Theoretical model for intervention

Pregnant women’s dietary patterns are influenced by many factors, such as predetermined biological factors, early exposure and experience, psychosocial factors and environmental factors.29 Previous studies have shown that lifestyle interventions and nutrition education addressing various determinants based on psychosocial theories could lead to positive changes in pregnant women’s diet and physical activity levels.30 A healthy lifestyle is beneficial for both pregnant women and their offspring.31 Pregnant women are at a special life stage with a clear and urgent need for a healthy dietary pattern and a strong motivation to improve their offspring’s health.32 The theory of planned behaviour (TPB) shown in figure 1 was first proposed as a theory of reasoned action in 1975 to predict an individual’s intention to engage in a behaviour at a specific place and time.33 The TPB has been successful in predicting and explaining a wide range of intentions and behaviours, including diet, smoking, drinking, breast feeding and substance use.34–37 It mainly focuses on enhancing the motivation of participants and takes into account the impact of attitudes, perceived norms and self-efficacy on the formation of behavioural intention.

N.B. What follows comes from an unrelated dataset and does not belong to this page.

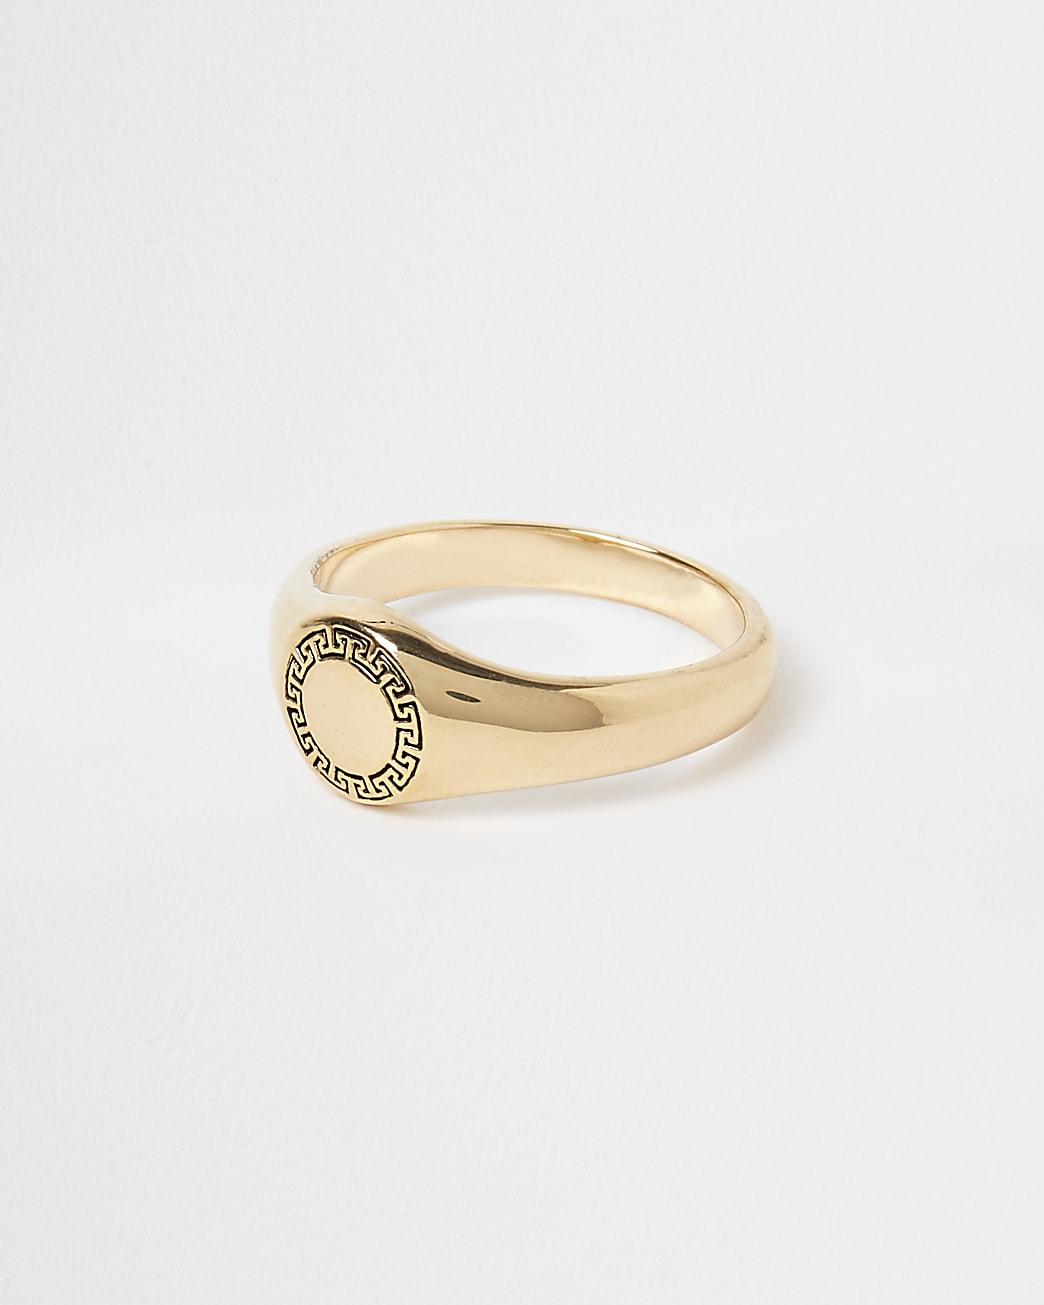 Gold plated Greek key signet ring

The application of the TPB theory has been on the rise since it was first introduced by Ajzen in 1985. As of 2010, more than 4000 publications cited the theory.38 Many intervention studies based on the TPB model have also been effective in leading to positive changes in eating habits and nutrition status, such as increasing fruit and vegetable intake,39 reducing unhealthy snack intake40 and increasing calcium-rich foods intake.41

Figure 1
Figure 1

Extended theory of planned behaviour/reasoned action approach.

For this study, we have developed a multicomponent nutrition education intervention based on the extended TPB model,29 42 as shown in figure 1, focusing on controlling total fat intake and improving the quality of diet lipids based on a balanced dietary pattern. Outcome expectations, self-efficacy and action goal setting are the centre of our focus. The primary aim is to assess whether the intervention will reduce the risk of the delivery of an LGA infant for pregnant women. Compared with group course education, prenatal dietary guidance provided by obstetricians may be more authoritative, convenient, and therefore, more useful for pregnant women. Therefore, while verifying the effectiveness of a lipid-focused dietary group education intervention based on TPB theory, this study established another intervention group that only distributed manuals that included intervention content. This low-cost and highly scalable intervention method provides a scientific basis for integrating intervention content into routine obstetric examinations in the future.

Methods and analysis

Study design

This is a multicentre, 1:1:1 ratio, parallel, open-blind randomised controlled trial (RCT). The study design strictly adheres to the Standard Protocol Items: Recommendations for Interventional Trials (SPIRIT) quality standard criteria for RCTs. The participating centres in this study are Fuxing Hospital affiliated with Capital Medical University; Xuanwu Hospital Affiliated with Capital Medical University; and Beijing Haidian District Maternal and Child Healthcare Hospital, all located in Beijing, China. The detailed process is outlined in figure 2, and the timeline is shown in table 1. The study was initiated in May 2023 and is expected to conclude in August 2024. As of the revision date, the pilot study (2022), formal experimental course design and qualitative research (August 2023), and the cross-sectional survey of questionnaire reliability and validity (September 2023) have been successfully completed.

Figure 2
Figure 2

Study design including the screening, recruitment, randomisation process and the conduct flow. BMI, body mass index; FFQ, food frequency questionnaire; IPAQ-S, International Physical Activity Questionnaire-Short Form; OEA, online education arm; OGTT, oral glucose tolerance test; POA, pregnancy nutrition checklist and ‘one-page flyer’ arm; PSQI, The Pittsburgh Sleep Quality Index; TPB-Q, Theory of Planned Behaviour Questionnaire.

Table 1

Timeline of intervention and information collection

Eligibility criteria

Eligible participants will be pregnant women, inclusive of all gender identities.

Inclusion criteria

Singleton pregnancy, conceived through natural insemination, with a gestational age <12 weeks, and signed informed consent.

Exclusion criteria

Multifetal pregnancy, in vitro fertilization, pre-existing type 1 or type 2 diabetes, fetal malformations including chromosomal abnormalities or structural malformations detected by ultrasonography, fetal congenital infections or abnormalities, adherence to a restricted diet (including vegans), medical conditions that could potentially affect the intervention or follow-up (including severe cardiovascular and kidney diseases result in limited physical activity and require diet under professional guidance), and unwillingness or inability to provide informed consent.

Intervention

Eligible participants will be randomised into one of the three groups: (group 1) online nutrition education; (group 2) pregnancy nutrition checklist and ‘one-page flyer’ for self-learning and (group 3) routine antenatal education without any intervention.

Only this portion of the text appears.